* _Information supplied_
━━━━━━━━━━━━━━━━
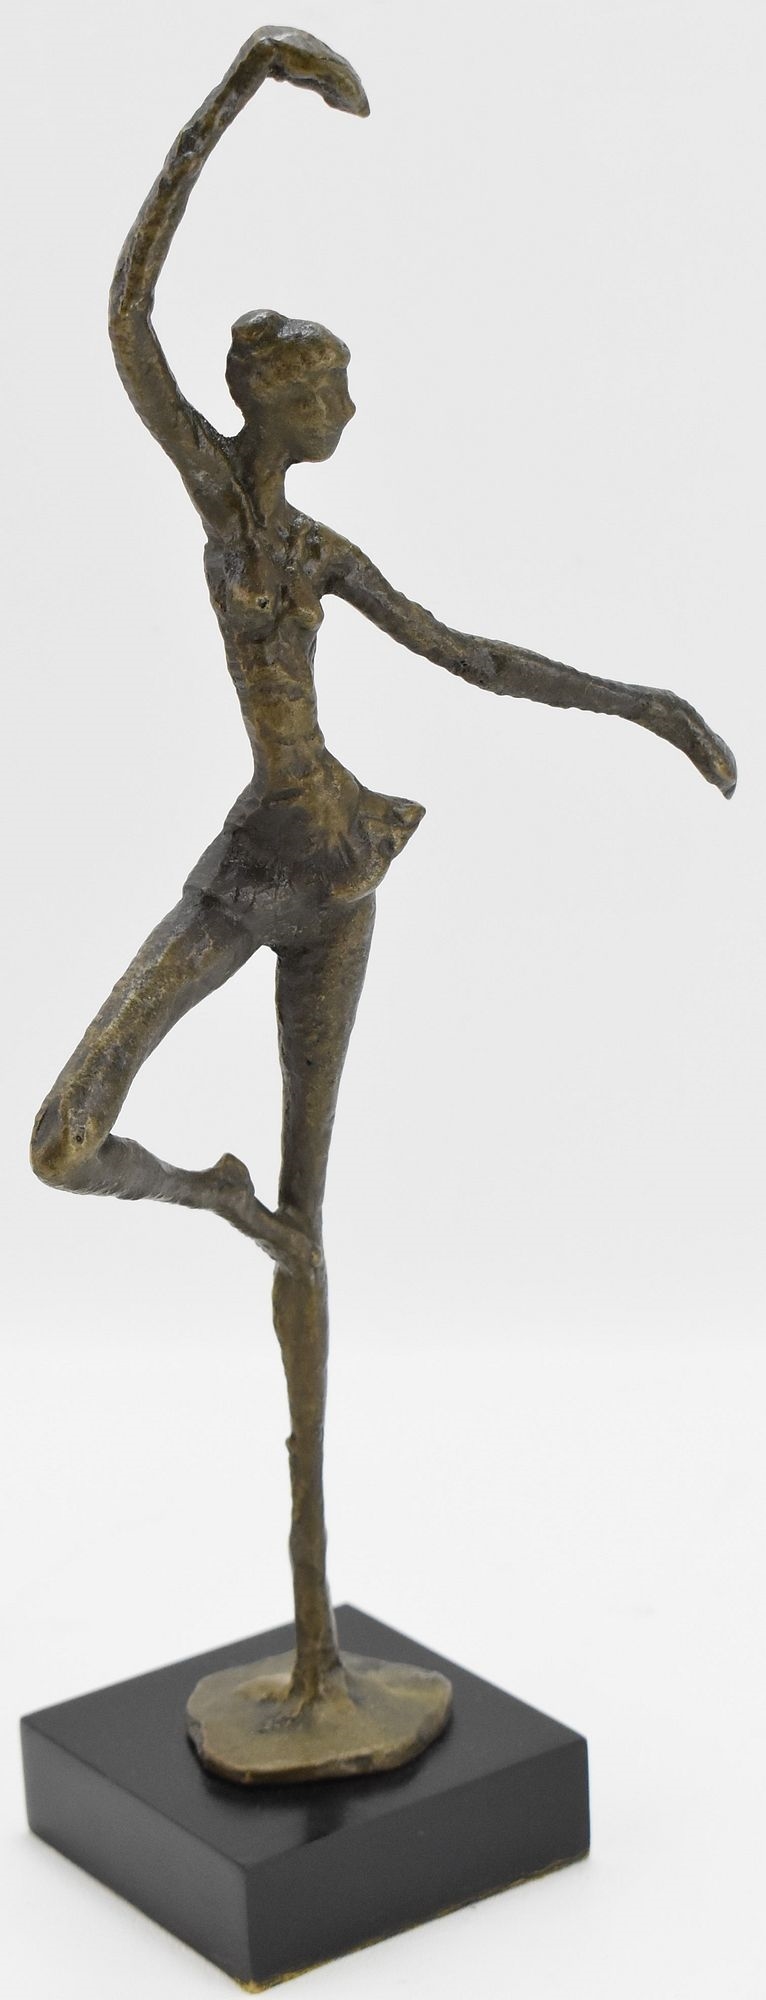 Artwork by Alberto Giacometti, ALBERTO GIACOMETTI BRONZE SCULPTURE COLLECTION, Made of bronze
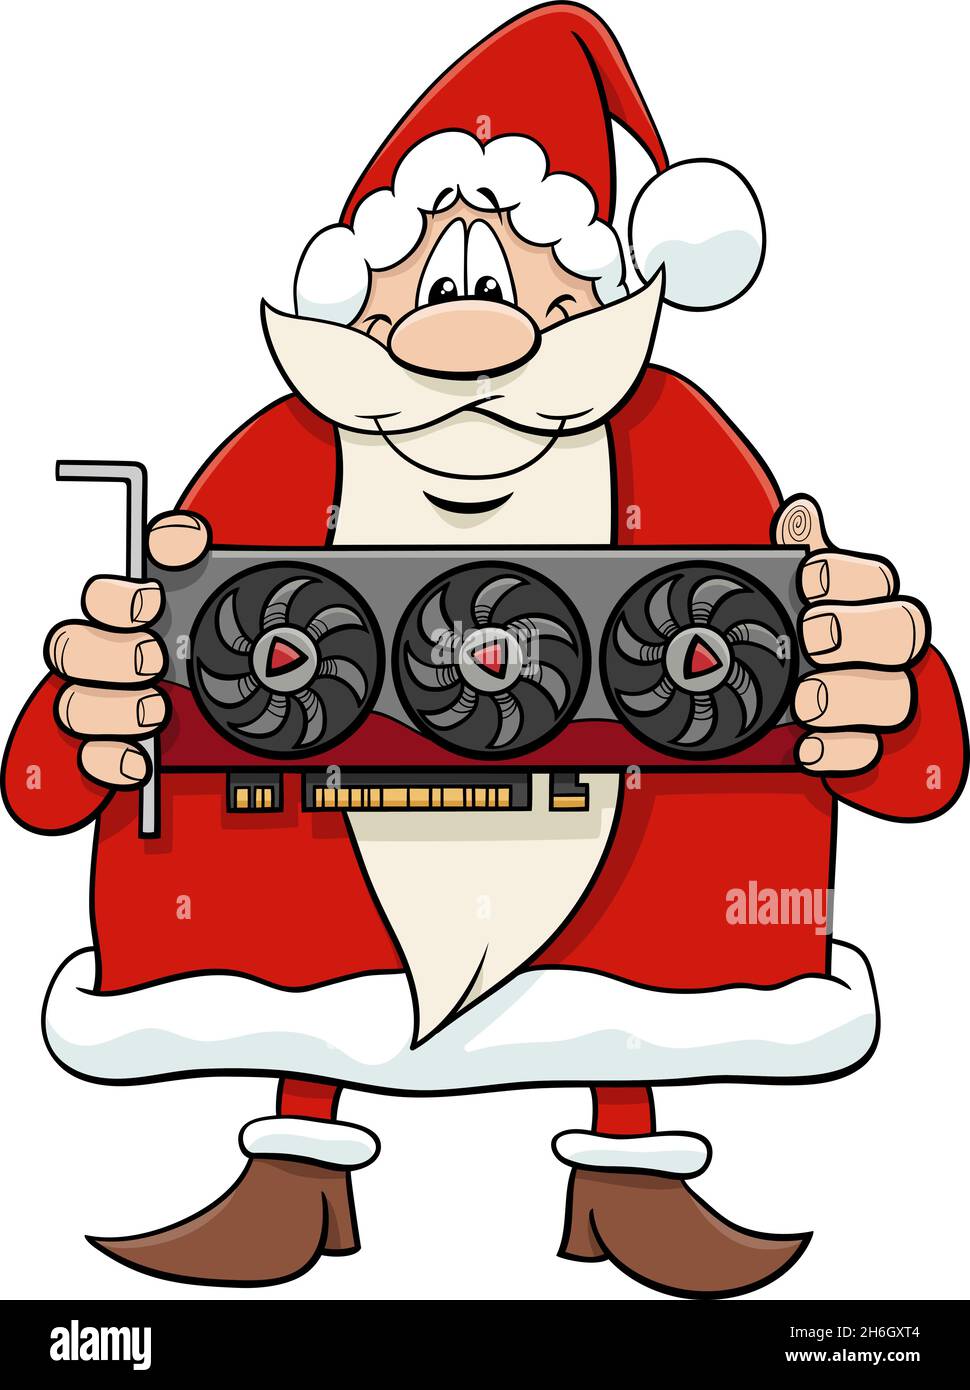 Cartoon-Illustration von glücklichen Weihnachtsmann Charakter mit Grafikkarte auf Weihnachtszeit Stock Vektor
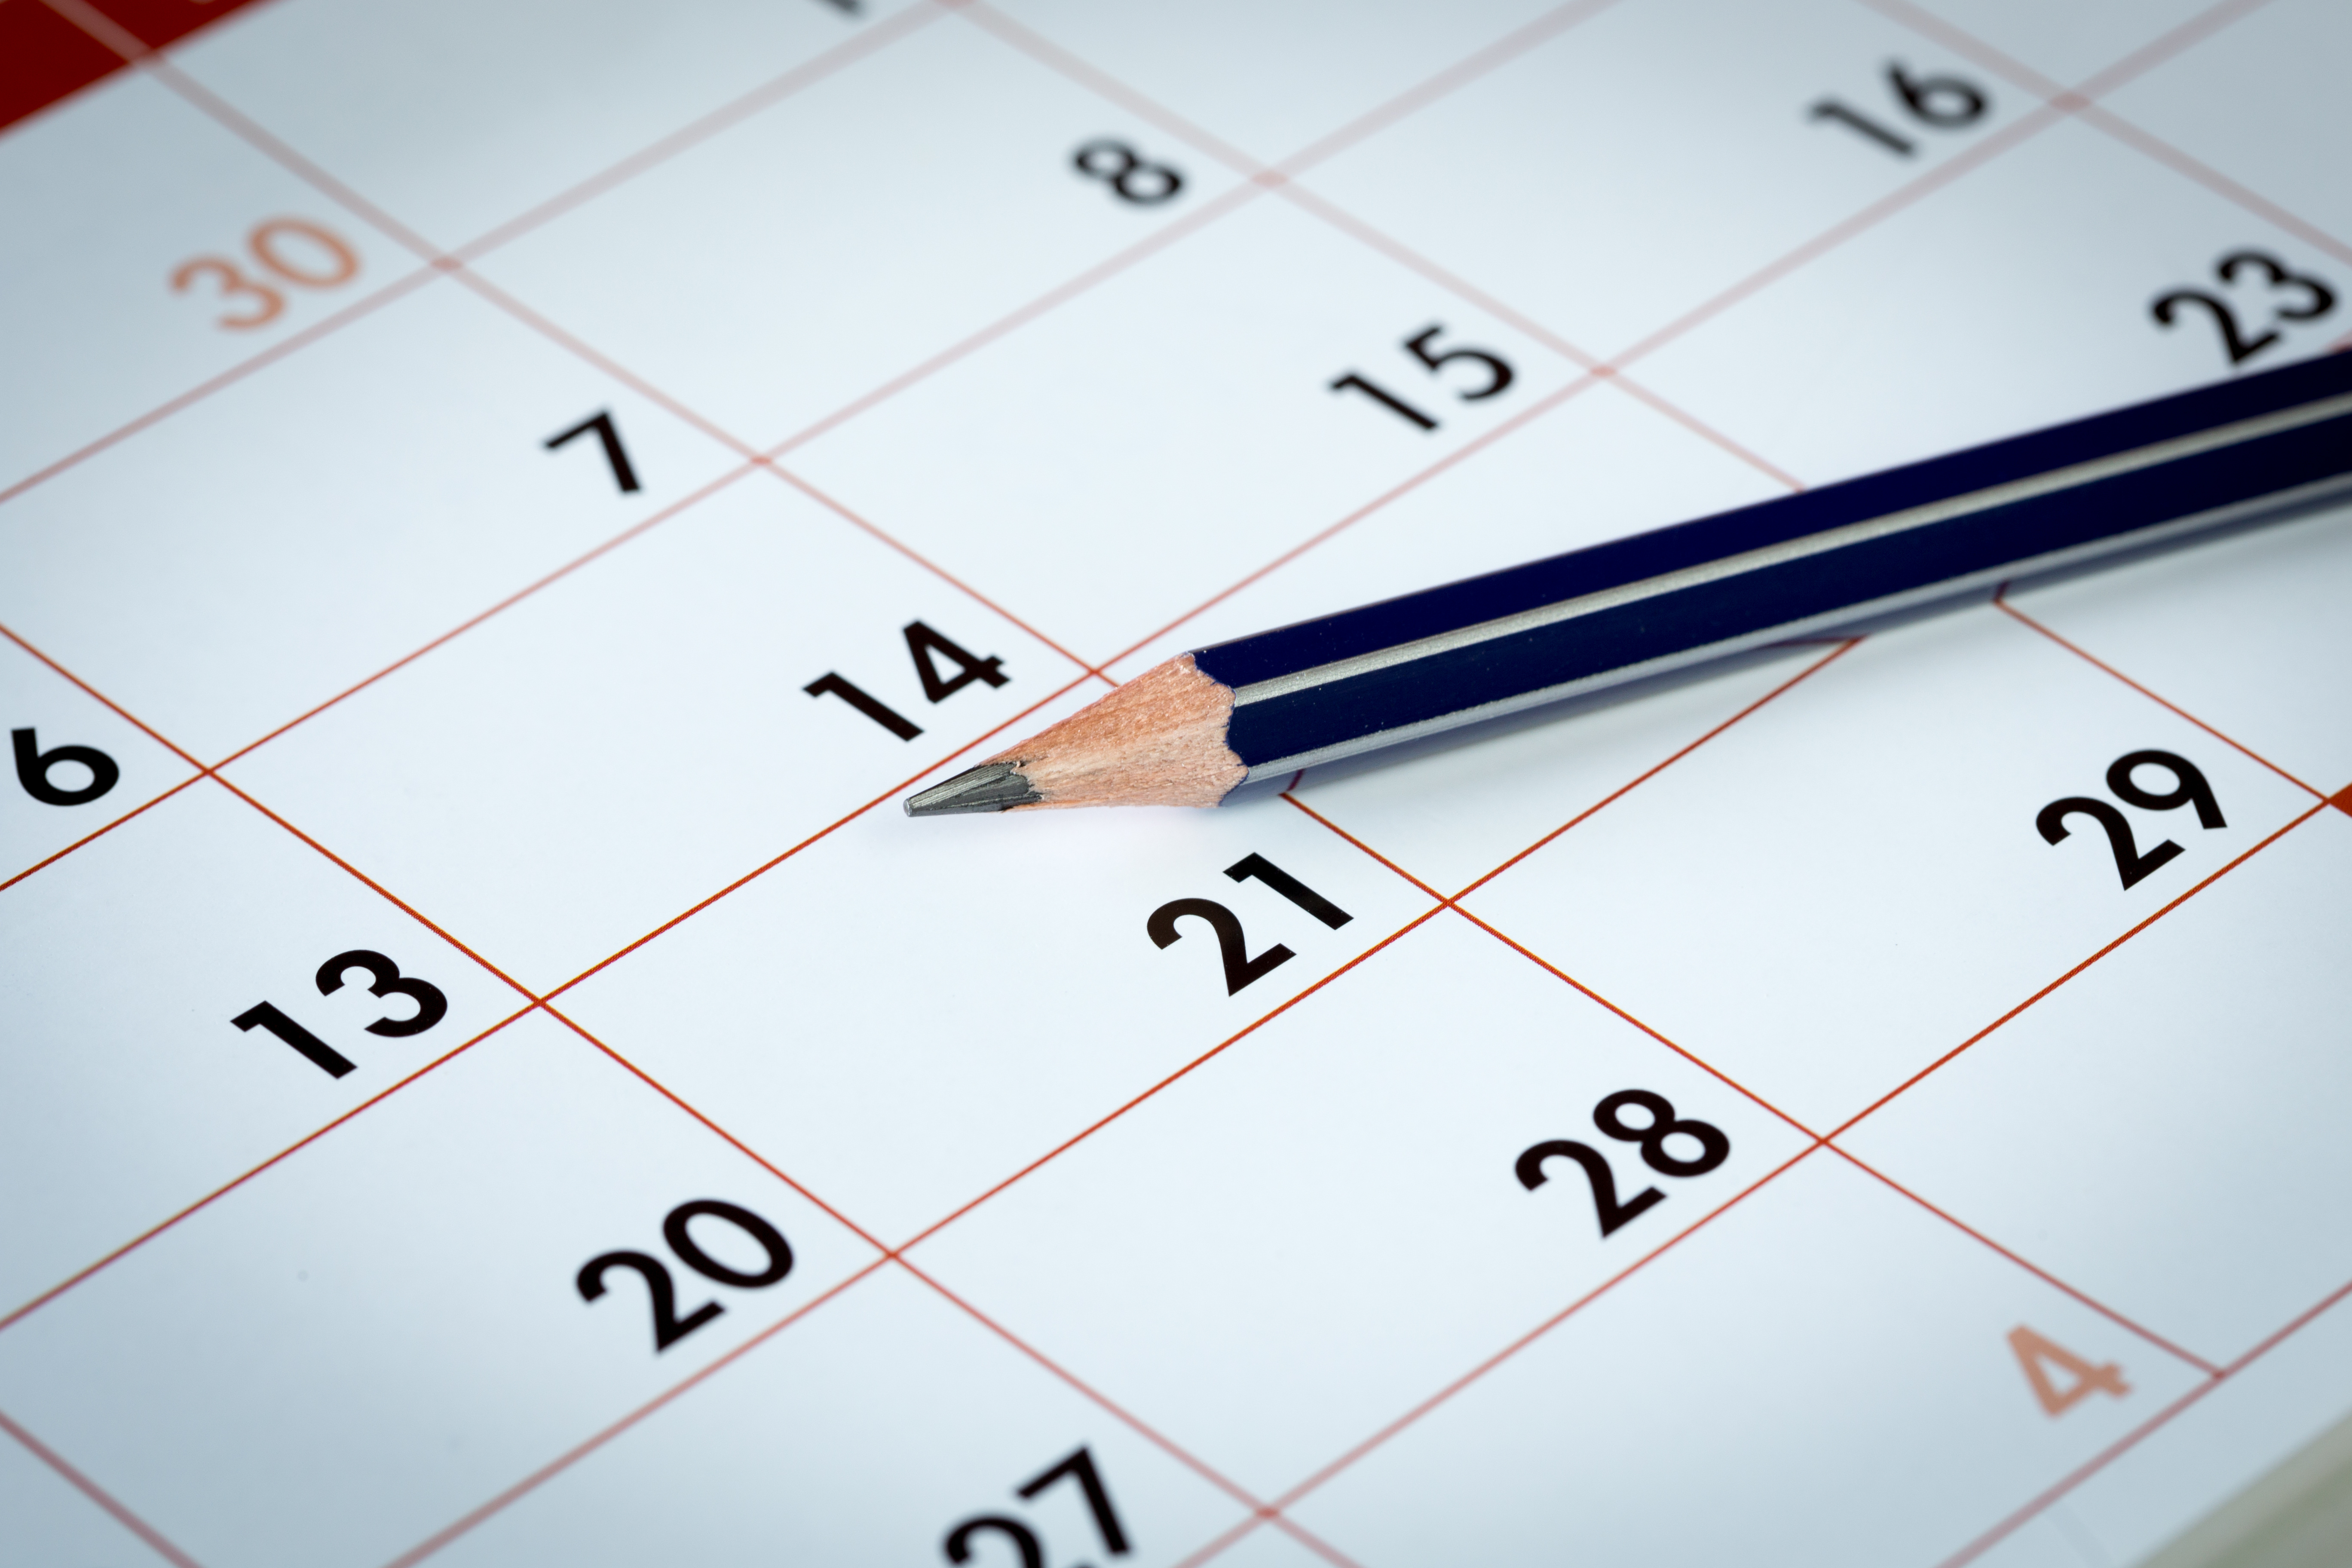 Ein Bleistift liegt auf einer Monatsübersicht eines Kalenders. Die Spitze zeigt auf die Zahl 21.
━━━━━━━━━━━━━━━━
* _Exercise details_
With the pictures removed, set down the entire listing exactly.

* _Expected answer_
 Artwork by Alberto Giacometti, ALBERTO GIACOMETTI BRONZE SCULPTURE COLLECTION, Made of bronze
 Cartoon-Illustration von glücklichen Weihnachtsmann Charakter mit Grafikkarte auf Weihnachtszeit Stock Vektor
 Ein Bleistift liegt auf einer Monatsübersicht eines Kalenders. Die Spitze zeigt auf die Zahl 21.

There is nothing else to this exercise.